Collected material Block Start

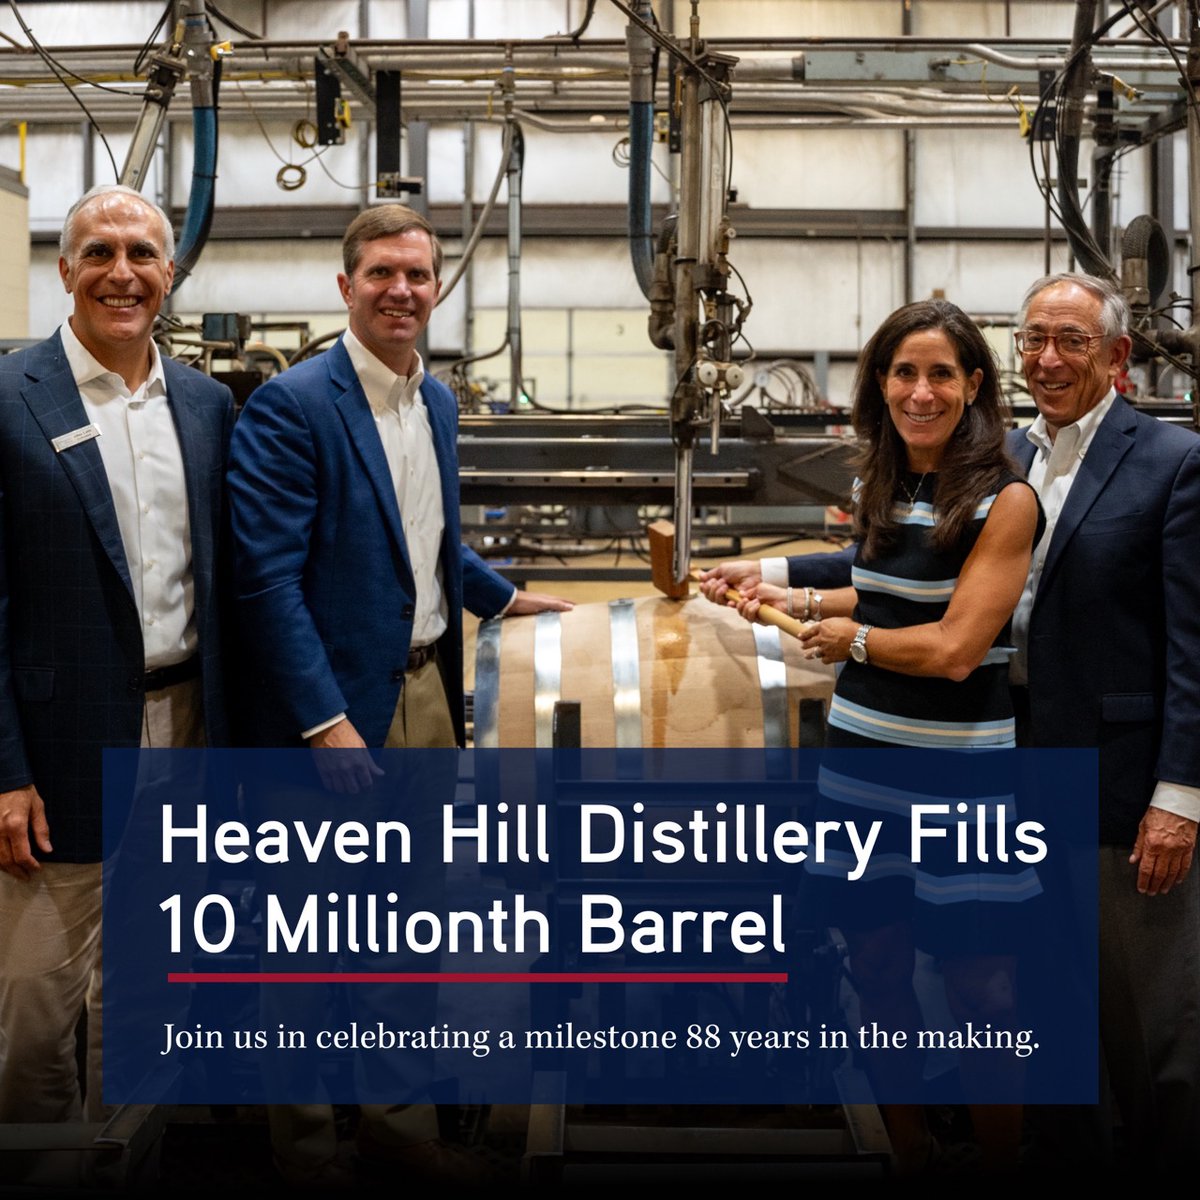 We recently hit a major milestone: filling our 10 millionth barrel! Read the blog to find out how we achieved this and learn some whiskey trivia. bit.ly/48foltc
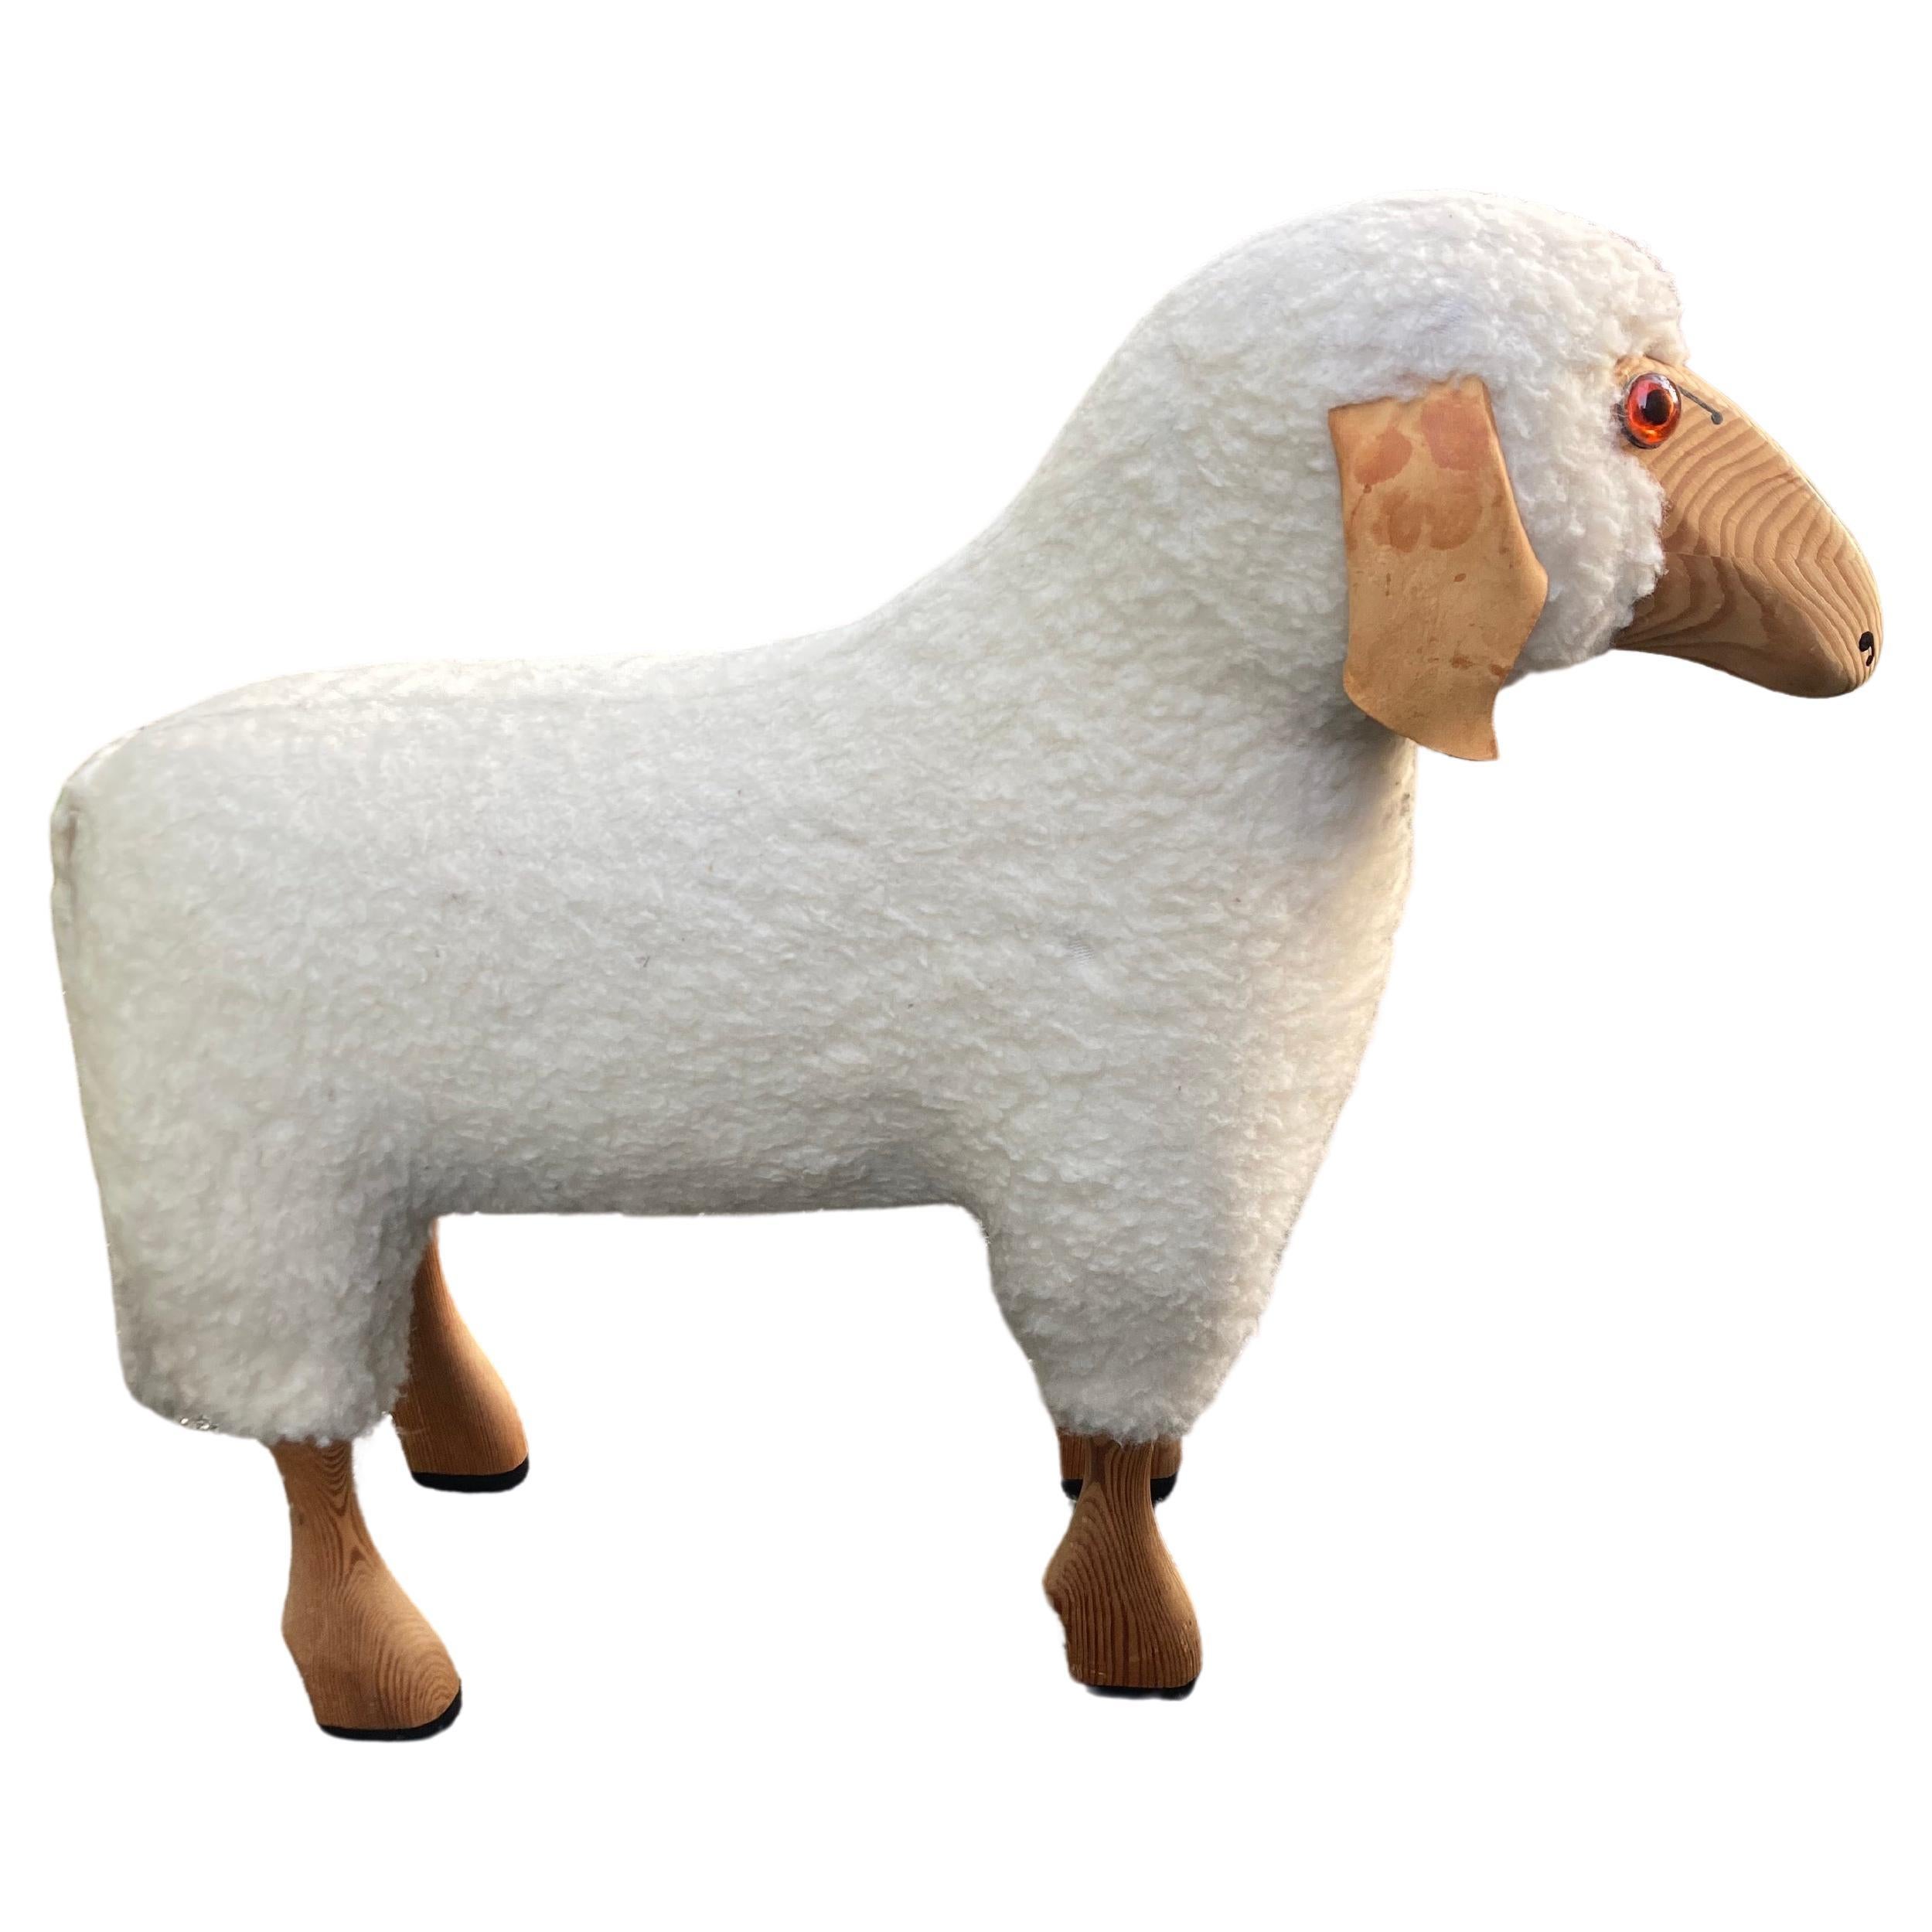 Handmade  white woolly  sheep by Hans -Peter Krafft. 1970s. Made in Germany.
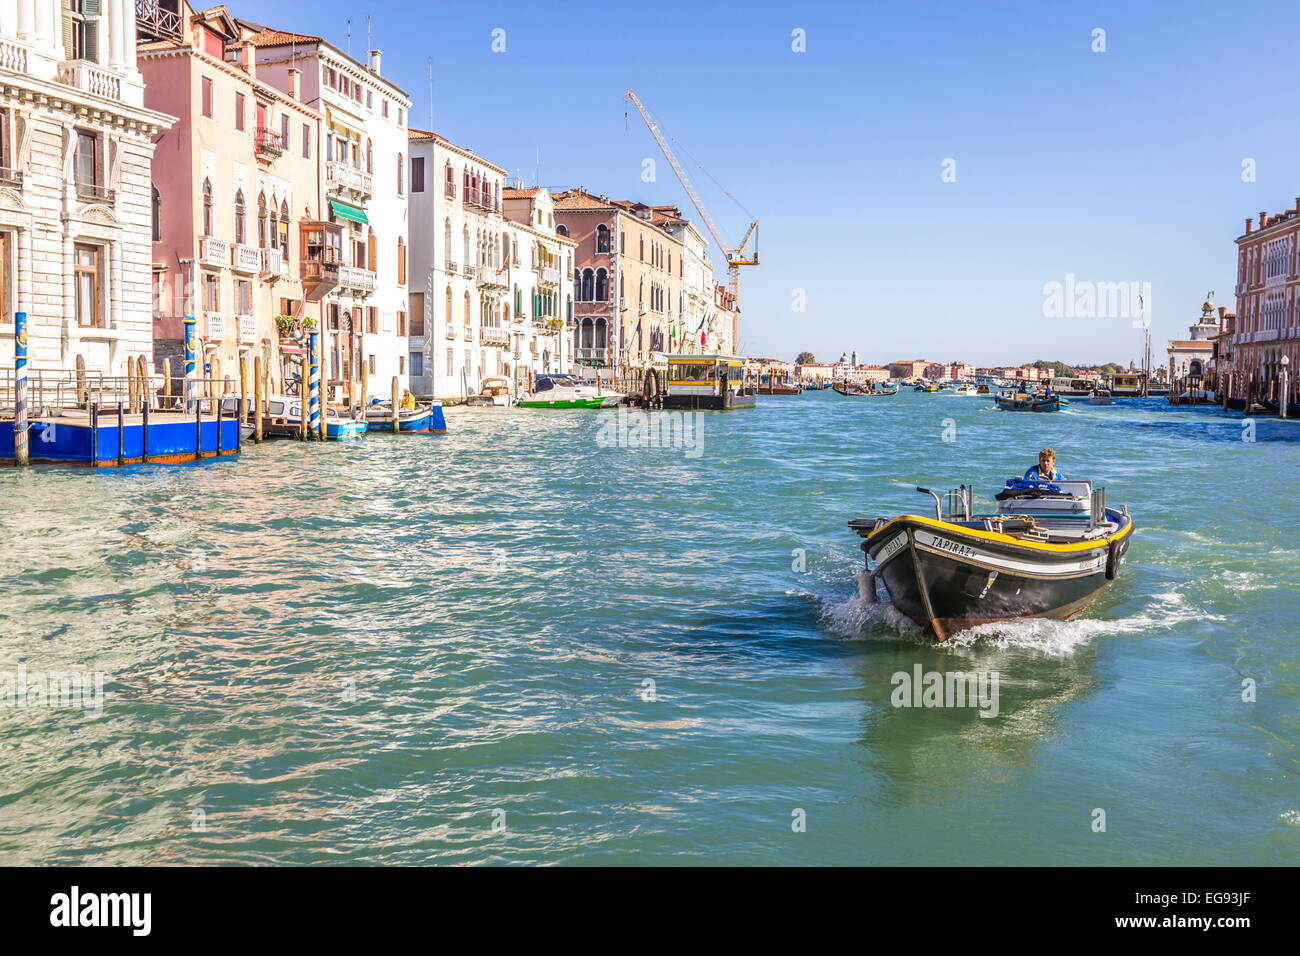 Workboat on canal in Venice Stock Photo

Collected material Block End

● **What you should do**: Copy word for word each line of the data above, from the first through the one containing "Made in Germany.", and include no pictures.

● **Response to this task**:
 We recently hit a major milestone: filling our 10 millionth barrel! Read the blog to find out how we achieved this and learn some whiskey trivia. bit.ly/48foltc
 Handmade  white woolly  sheep by Hans -Peter Krafft. 1970s. Made in Germany.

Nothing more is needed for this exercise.